If token count is not available, display: Tokens: unknown


#Error Handling

  • Binary not found: Detected in Step 0. Stop with install instructions.
  • Auth error: Codex prints an auth error to stderr. Surface the error: "Codex authentication failed. Run codex login in your terminal to authenticate via ChatGPT."
  • Timeout: If the Bash call times out (5 min), tell the user: "Codex timed out after 5 minutes. The diff may be too large or the API may be slow. Try again or use a smaller scope."
  • Empty response: If $TMPRESP is empty or doesn't exist, tell the user: "Codex returned no response. Check stderr for errors."
  • Session resume failure: If resume fails, delete the session file and start fresh.

#Important Rules

  • Never modify files. This skill is read-only.
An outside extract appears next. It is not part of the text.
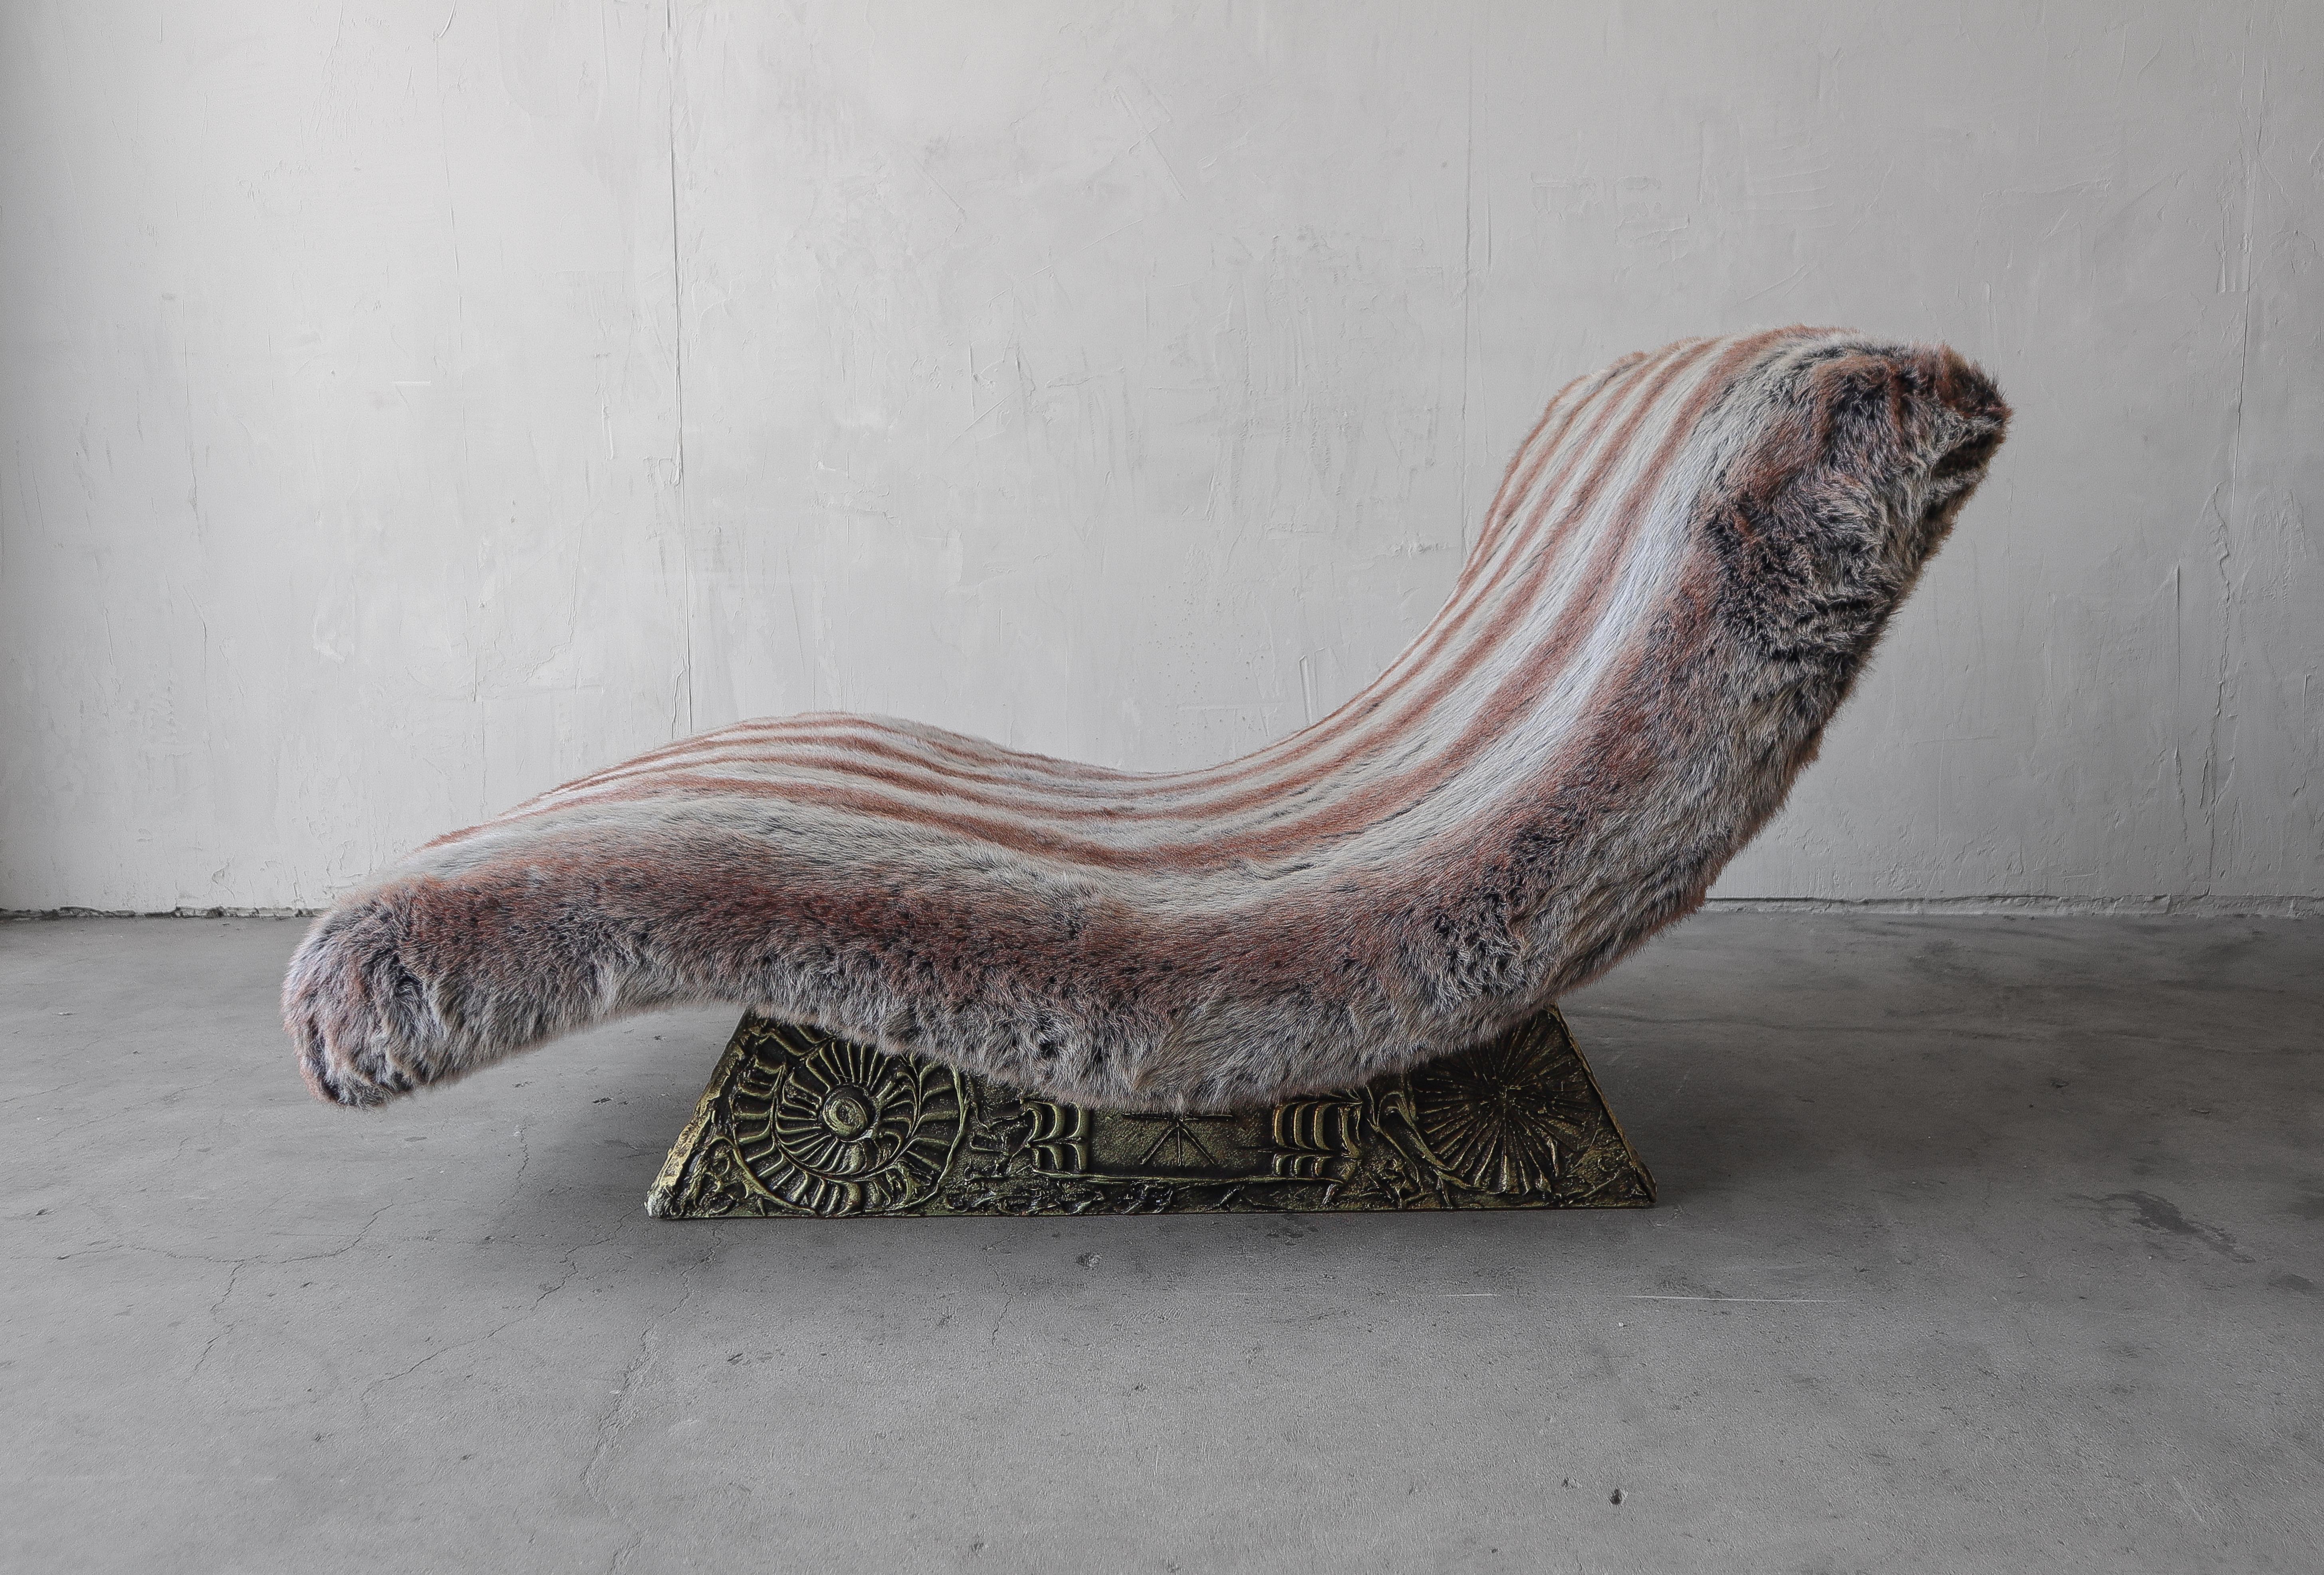 Rarely seen midcentury Brutalist chaise by Adrian Pearsall, and never in this pristine condition. The bronze tone, molded resin creates dimensional interest. 

The chaise is in excellent condition. Freshly recovered in a faux fur by Joseph

Codex runs in read-only sandbox mode.
  • Present output verbatim. Do not truncate, summarize, or editorialize Codex's output before showing it. Show it in full inside the CODEX SAYS block.
  • Add synthesis after, not instead of. Any Claude commentary comes after the full output.
  • 5-minute timeout on all Bash calls to codex (timeout: 300000).
  • No double-reviewing. If the user already ran /review, Codex provides a second independent opinion. Do not re-run Claude Code's own review.